Xserve - Xserve G4

Xserve G4

The original Xserve G4

The second-generation Xserve G4

The Xserve G4 Cluster Node
Developer Apple Inc.
Type Rackmounted Server
Release date May 14, 2002
Discontinued January 6, 2004
CPU Single or dual PowerPC G4,
1 GHz – 1.33 GHz

Apple introduced the Xserve on May 14, 2002 (released in June). Originally, it had one or two PowerPC G4 processors running at 1.0 GHz and supported up to 2 GB of PC-2100 memory on a 64-bit memory bus. Three FireWire 400 ports (one in front, two in rear), two USB 1.1 ports (rear), an RS-232 management interface (rear), and a single onboard Gigabit Ethernet port (rear) were provided for external connectivity. Two 64-bit/66 MHz PCI slots and one 32-bit/66 MHz PCI/AGP slot were provided; in the default configuration the two PCI slots were filled with an ATI Rage video card and an additional gigabit Ethernet card. Up to 4 UATA/100 hard disk drives (60 or 120 GB) fit into hot-swap bays in the front, allowing software RAID-0 and 1 arrays to be created. A tray-loading CD-ROM drive was mounted in the front.

Initially, two configuration options were available: a single-processor Xserve with 256MiB of memory at $2999 and a dual-processor Xserve with 512 MiB of memory at $3999. Both shipped with a single 60 GB disk and models before August 24. 2002 shipped with Mac OS X v10.1 "Puma" Server, after August 24, 2002 shipped with Mac OS X v10.2 "Jaguar" Server.
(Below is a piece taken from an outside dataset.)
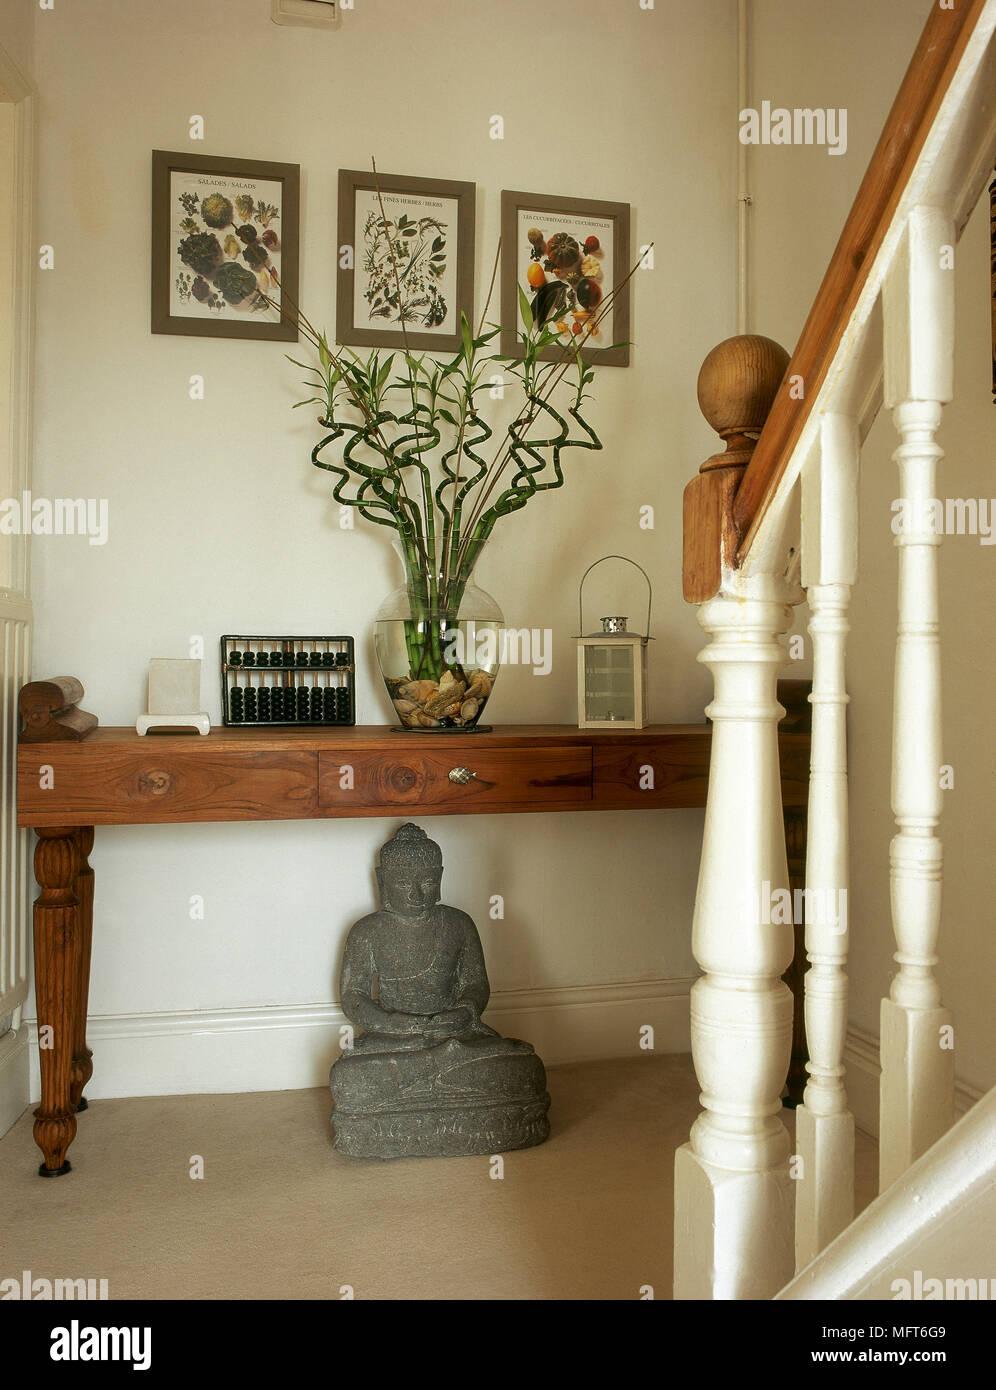 Traditional stairway landing with a newel post, framed botanical artwork, buddha statue, and a wooden table. Stock Photo

On February 10, 2003 Apple released an improved and expanded Xserve lineup. Improvements included one or two 1.33 GHz PowerPC G4 processors, two FireWire 800 ports (rear), faster memory (PC-2700), and higher capacity Ultra ATA/133 hard disk drives (80 or 160 GB). Also, the front plate was redesigned for a slot-loading CD-ROM. A new model, the Xserve Cluster node was announced at the same price as the single-processor Xserve, featuring two 1.33 GHz processors, no optical drive, a single hard drive bay, no video or Ethernet cards, and a 10-client version of "Jaguar" server.

On April 2, 2003 the Xserve RAID was introduced, providing a much higher capacity and higher throughput disk subsystem for the Xserve.